Problem statement
Return the line that has "polynomifunktio on muotoa" and all lines below it through the last, exactly as they stand; omit pictures.

Recorded data
——————

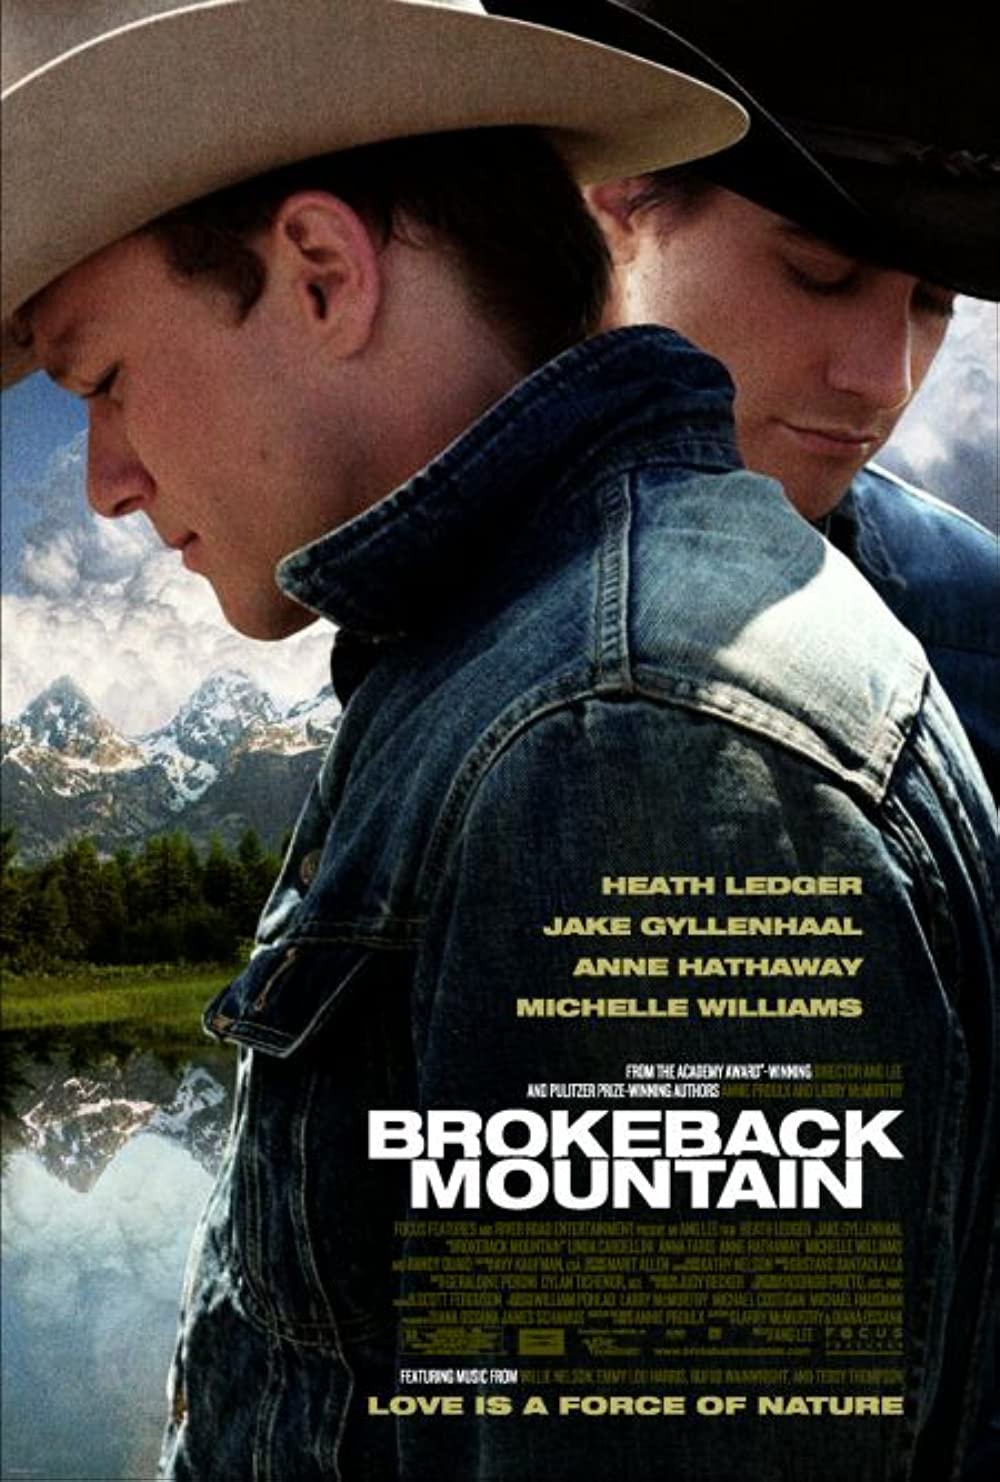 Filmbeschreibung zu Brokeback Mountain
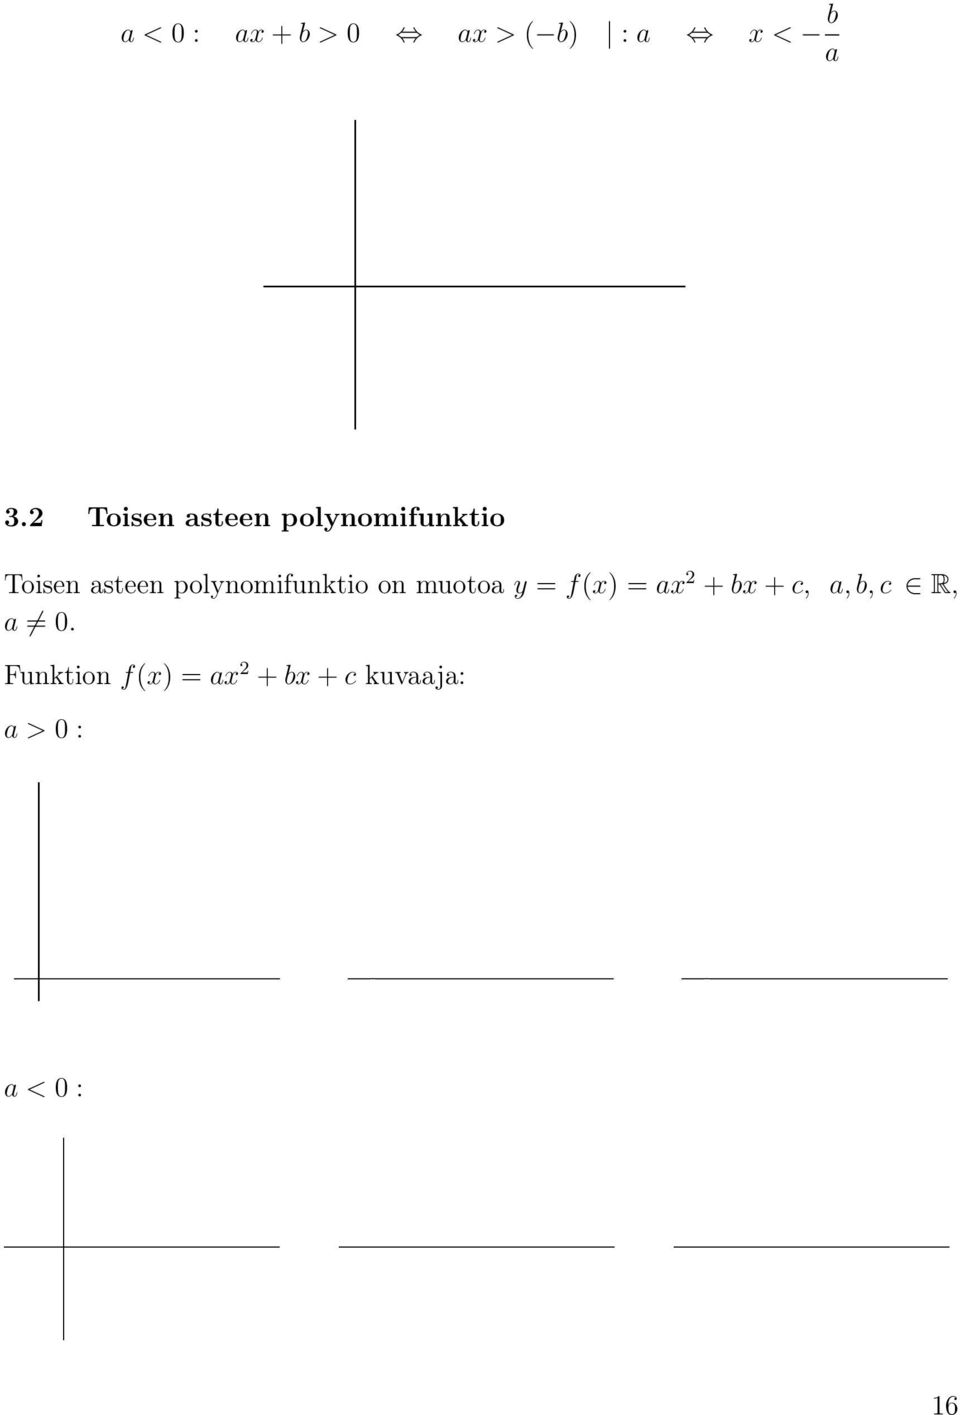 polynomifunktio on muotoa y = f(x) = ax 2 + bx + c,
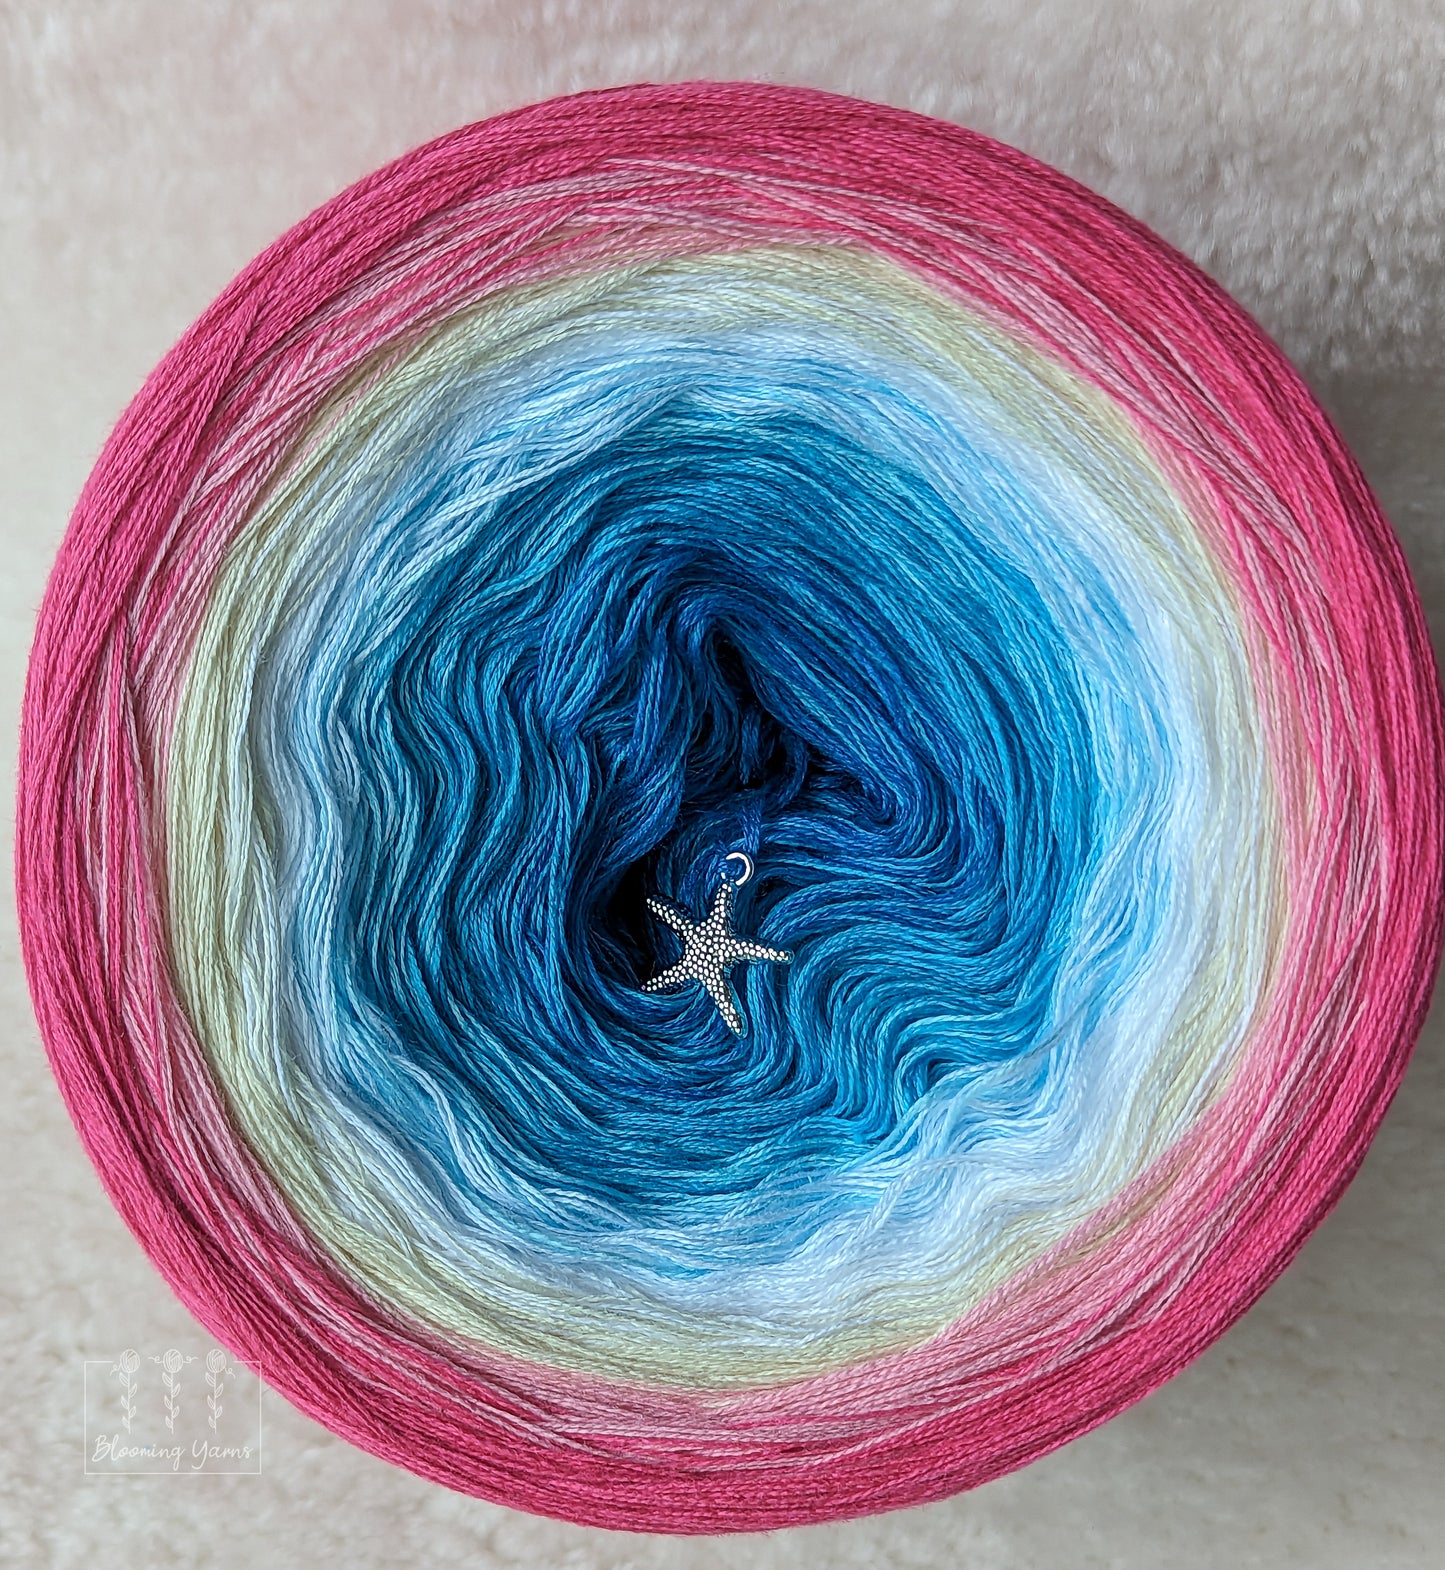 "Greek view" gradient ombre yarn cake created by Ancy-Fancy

——————

Result below
 polynomifunktio on muotoa y = f(x) = ax 2 + bx + c,
 "Greek view" gradient ombre yarn cake created by Ancy-Fancy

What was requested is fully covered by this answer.